- [What is required] A word-for-word copy of the data, with no images, is the required answer.

[Given material Boundary: Start]

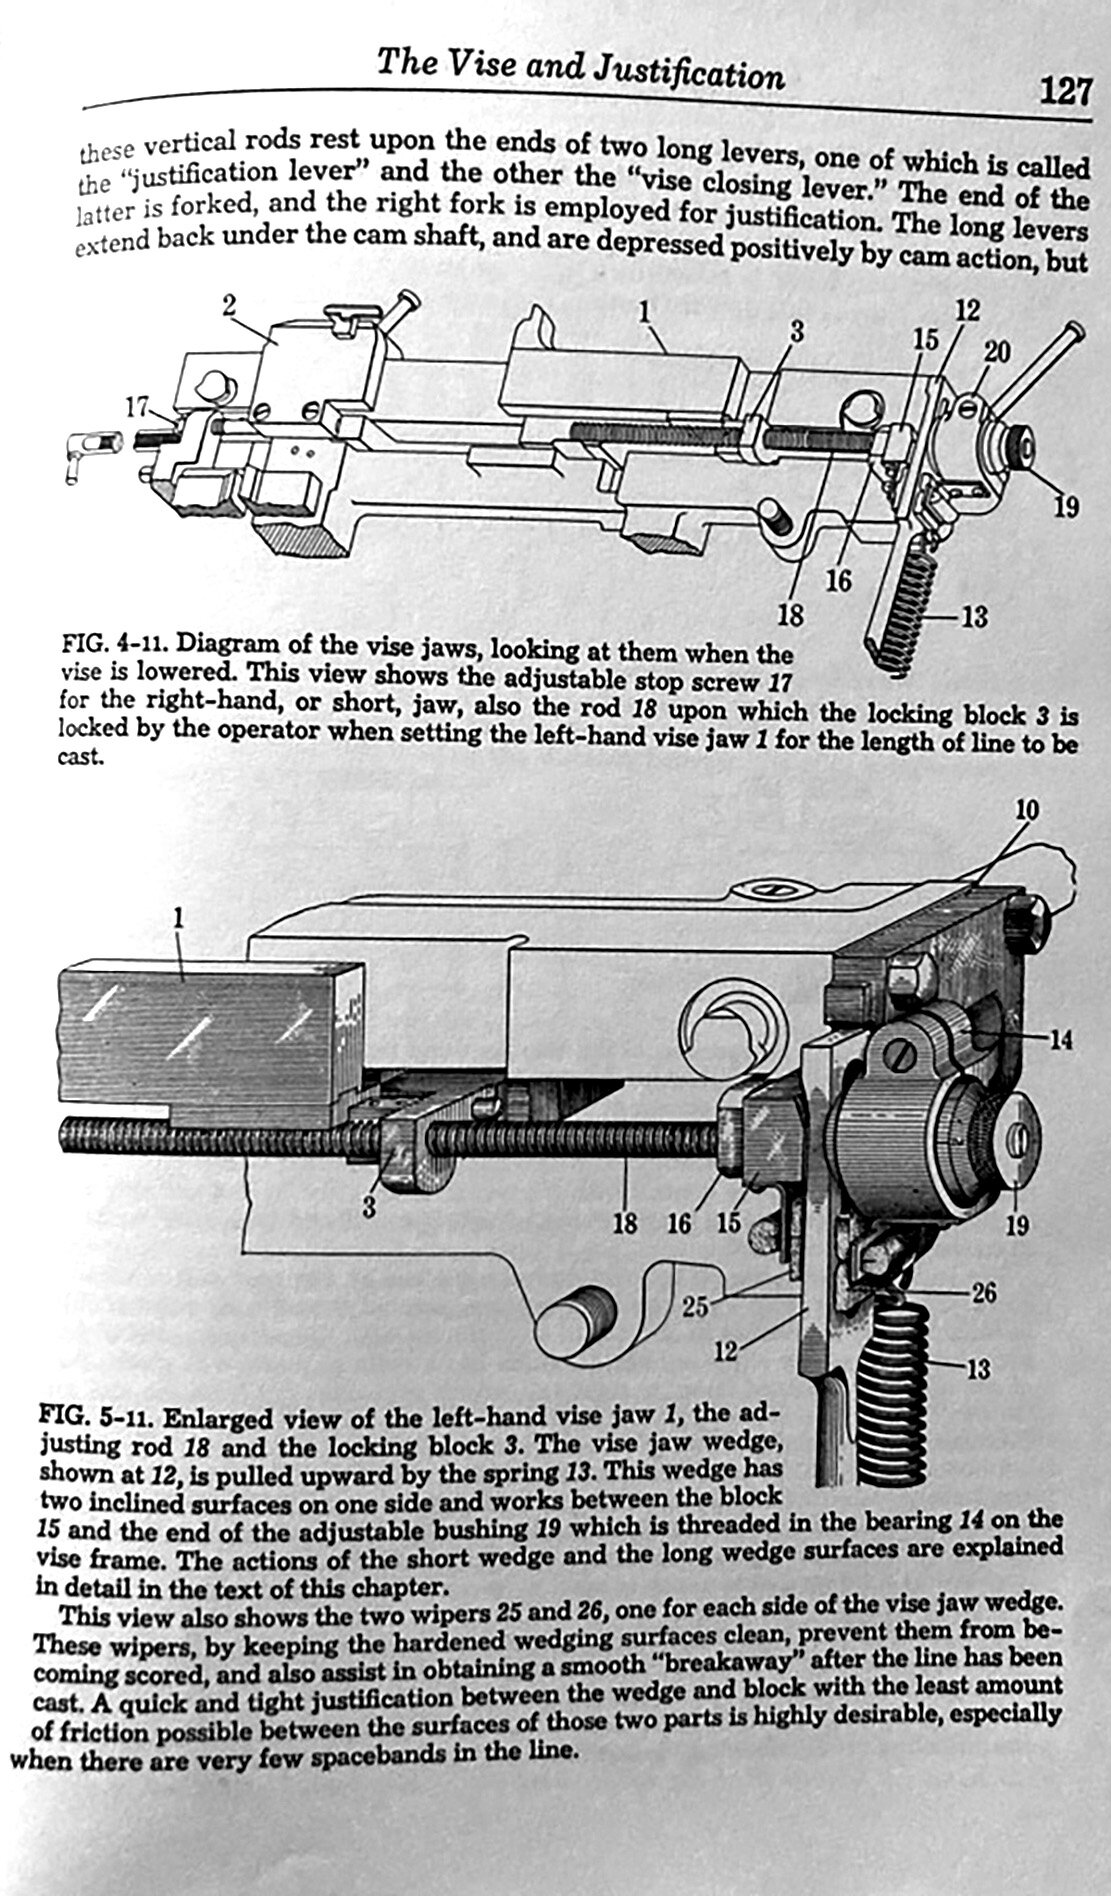 Linotype Machine Principles Page 127.jpg
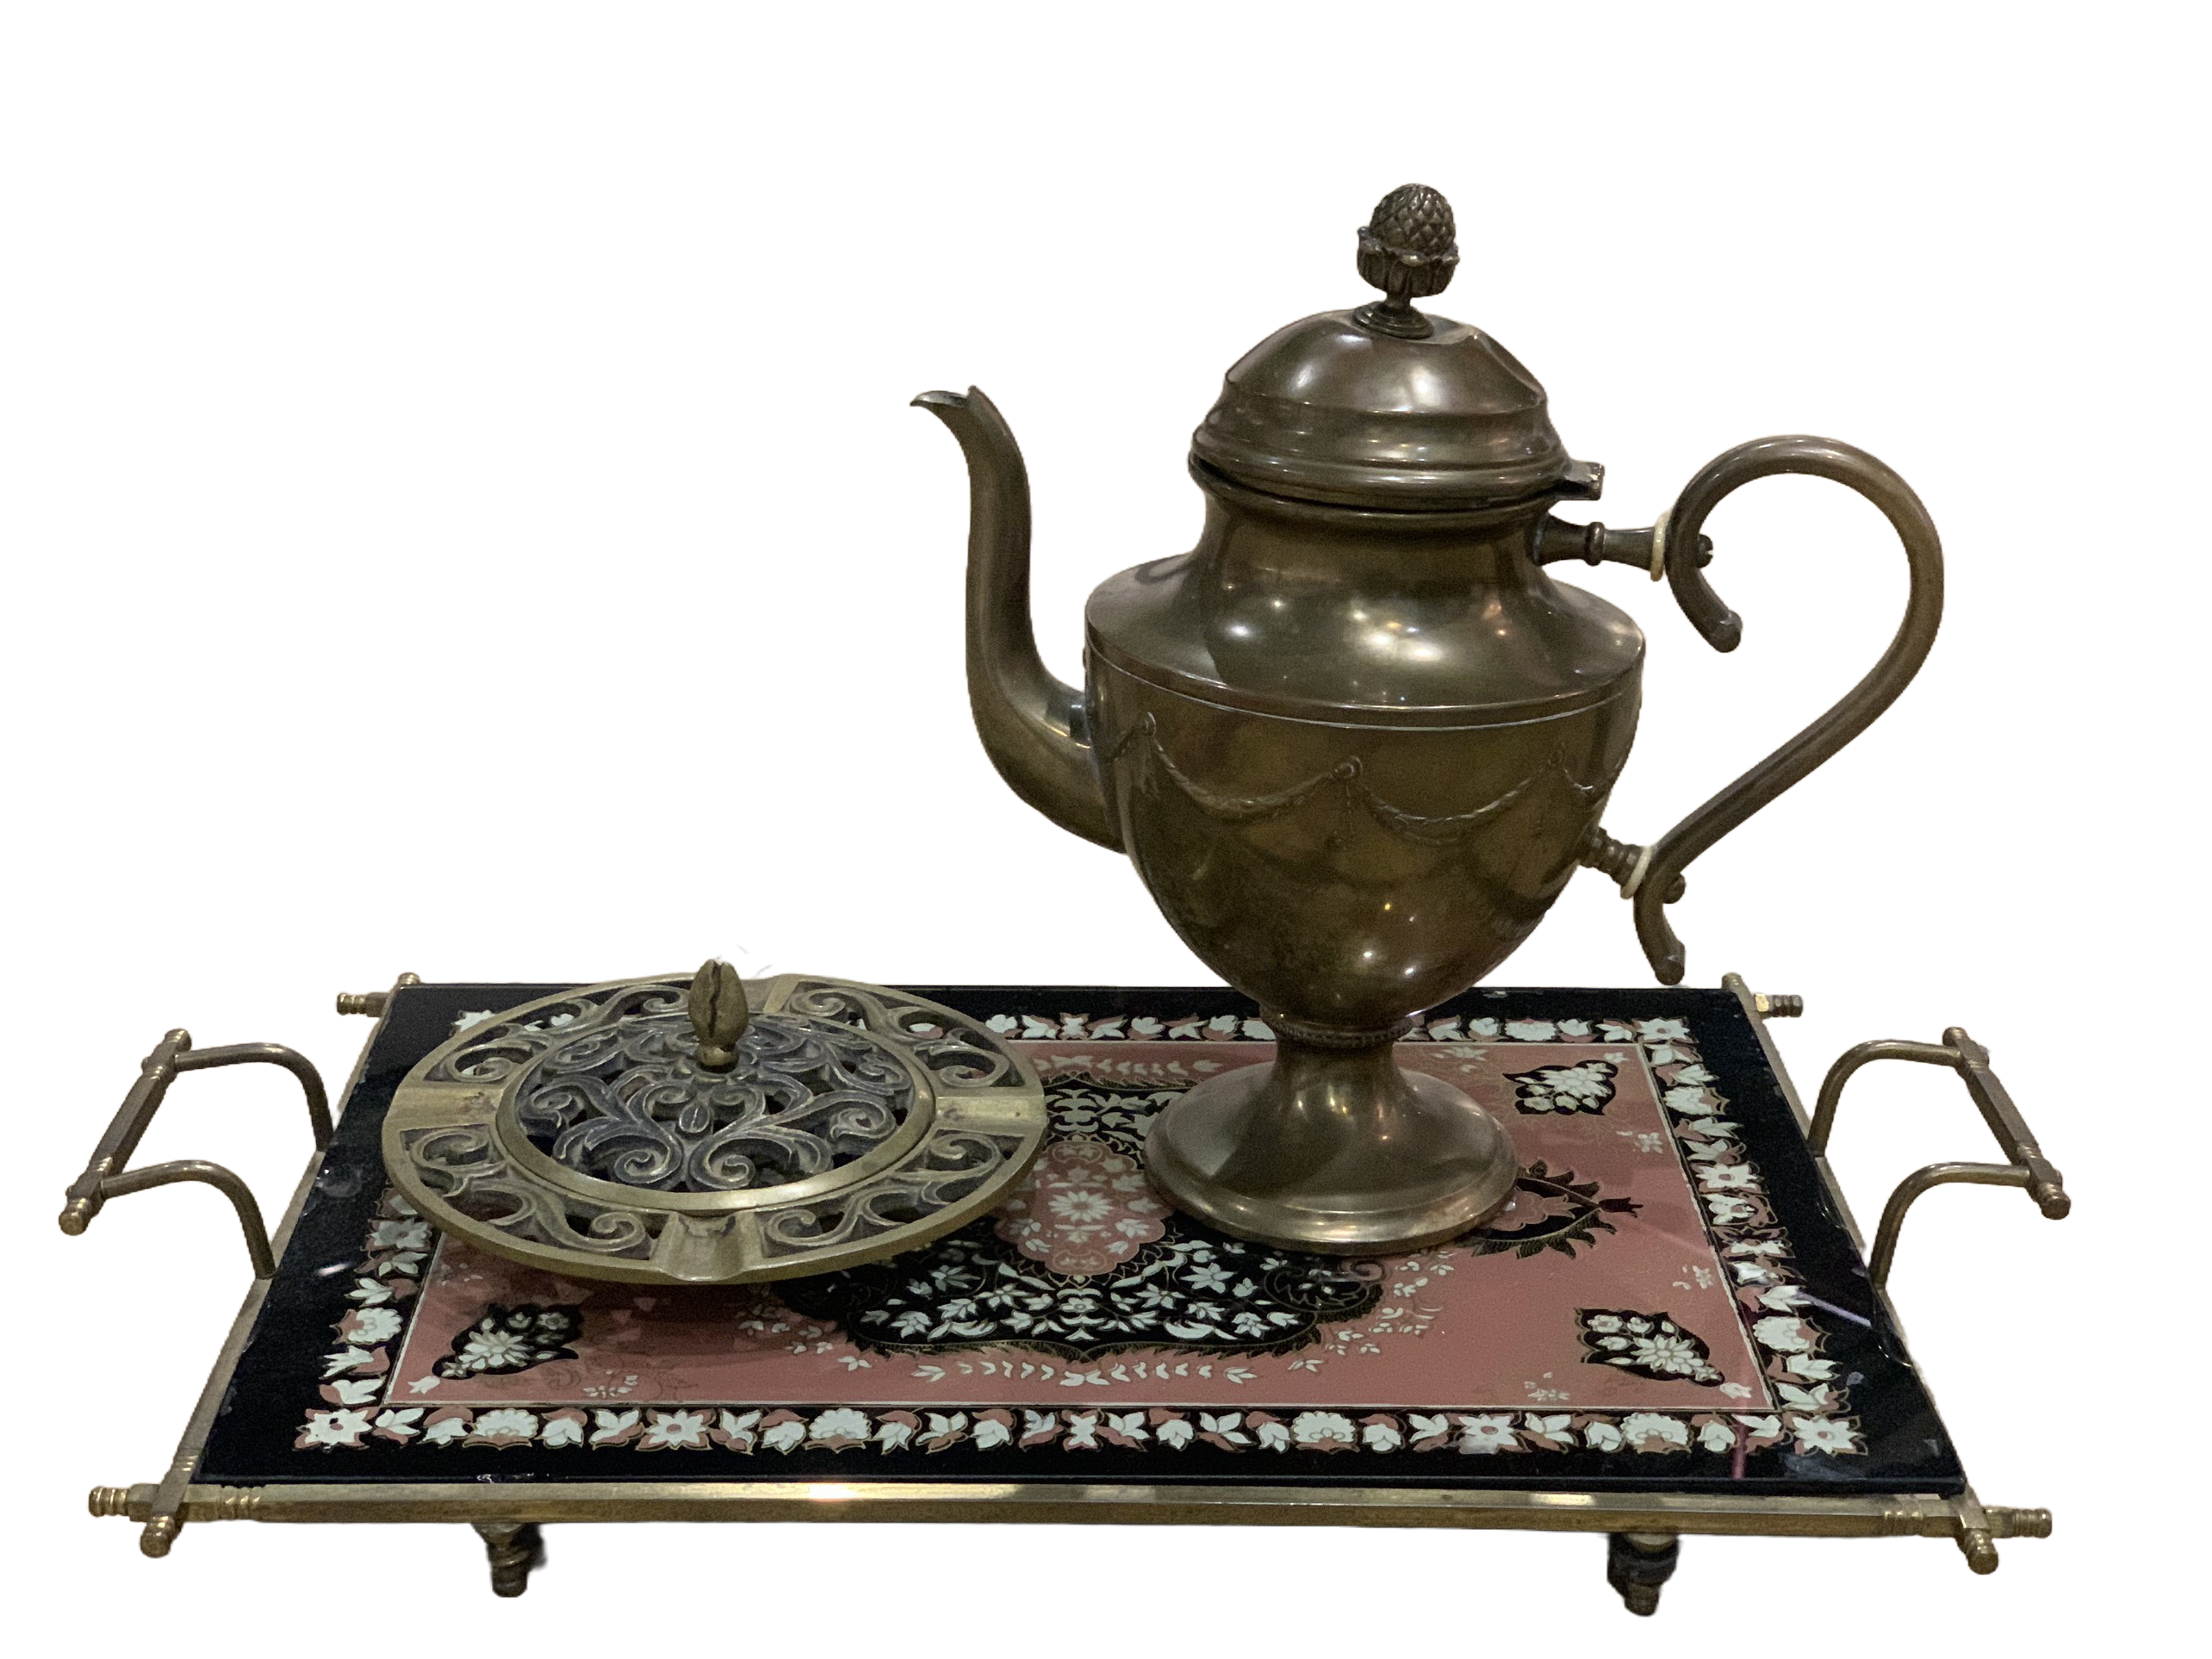 Bộ thưởng lãm cà phê Ottoman/Ottoman’s coffee enjoyment set (TL188)
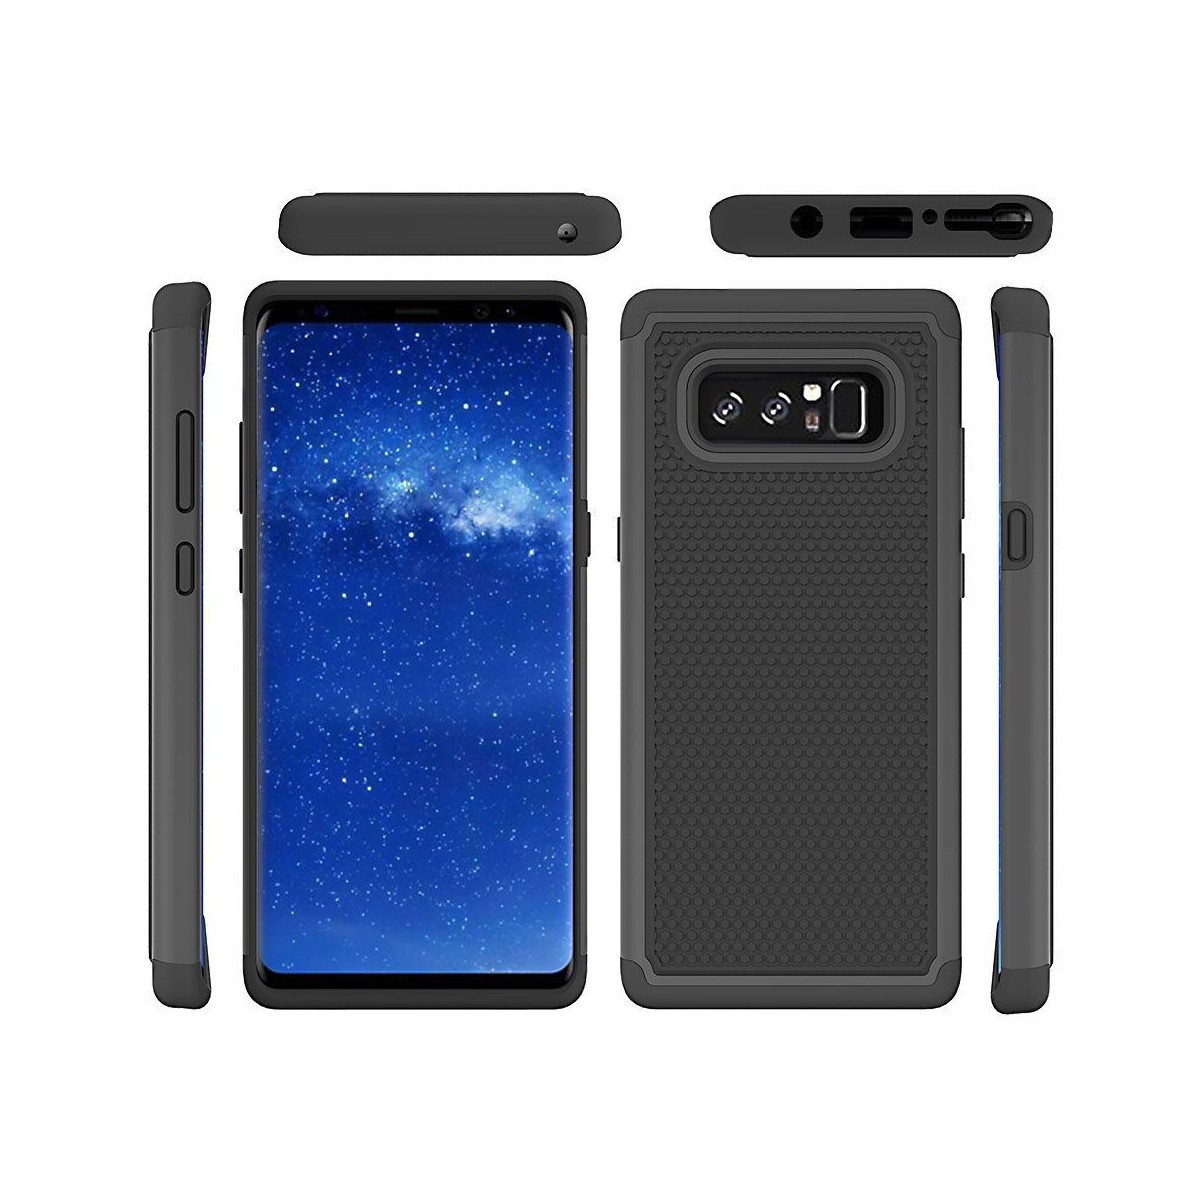 Coque Galaxy Note 8 Anti-choc et Bi-matière Noire - Crazy Kase

[Given material Boundary: End]

- [Output for this task]
 Linotype Machine Principles Page 127.jpg
 Bộ thưởng lãm cà phê Ottoman/Ottoman’s coffee enjoyment set (TL188)
 Coque Galaxy Note 8 Anti-choc et Bi-matière Noire - Crazy Kase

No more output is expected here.